Trechos de entrevista da diretora, Anna Muylaert.

A diretora pretende com o filme retirar certas “pessoas da invisibilidade” e “queria


dar um destino melhor para a filha da empregada. Na minha cabeça de
dramaturga, eu queria tirar o clichê da maldição da repetição. Durante muitos anos
o caminho era igual, a filha vinha para cá ser cabeleireira e acabava como
doméstica, assim como a mãe.”

Sobre o fato da filha da emprega ter sido aprovada no vestibular de uma faculdade
federal: “Mas isso é um pequeno começo, a questão da educação ainda está muito
atrasada em relação aos países europeus, por exemplo, que são socialmente mais
democráticos. Aqui demos um pequeno passo para o direito à cidadania.”
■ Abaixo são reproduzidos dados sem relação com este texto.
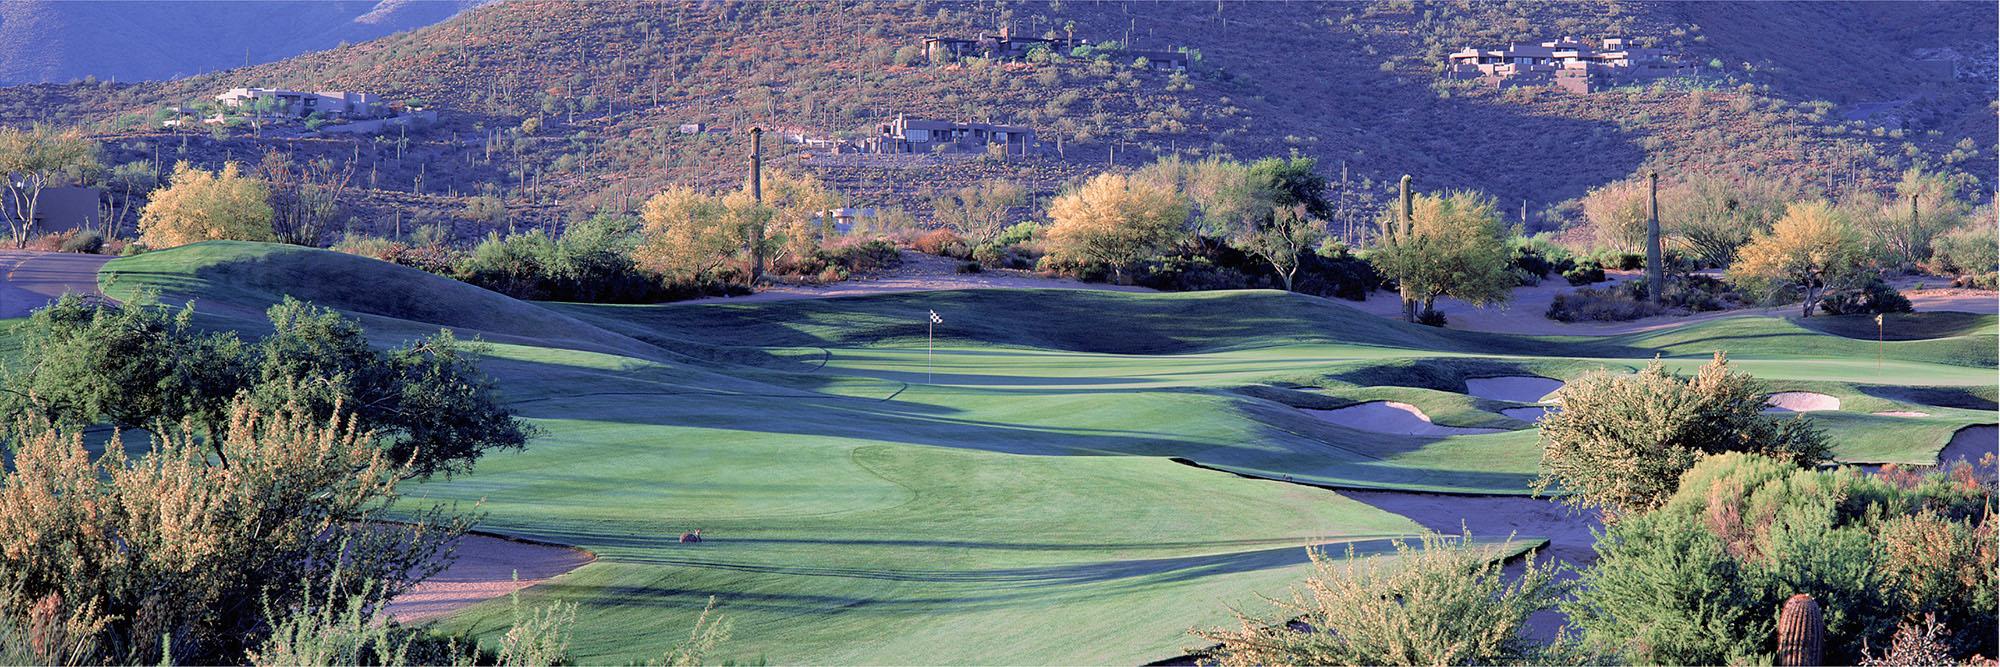 Golf Course Image - Desert Mountain Renegade No. 14

O filme retrata essa cultura escravista herdada do período colonial. Foram


realizadas pesquisas sobre isso?
AM: Fizemos uma pesquisa para encontrar a personagem principal, que é inspirada
na Edna. Ela foi babá do meu filho por aproximadamente dois anos e acabou se
tornando minha amiga. Quando era criança, foi deixada na Bahia pela mãe e
buscada apenas dez anos depois. Sobre essa arquitetura colonial e os espaços de
poder dentro da casa, não foi preciso praticamente nenhuma pesquisa, já que esses
valores estão presentes em qualquer casa da classe alta brasileira.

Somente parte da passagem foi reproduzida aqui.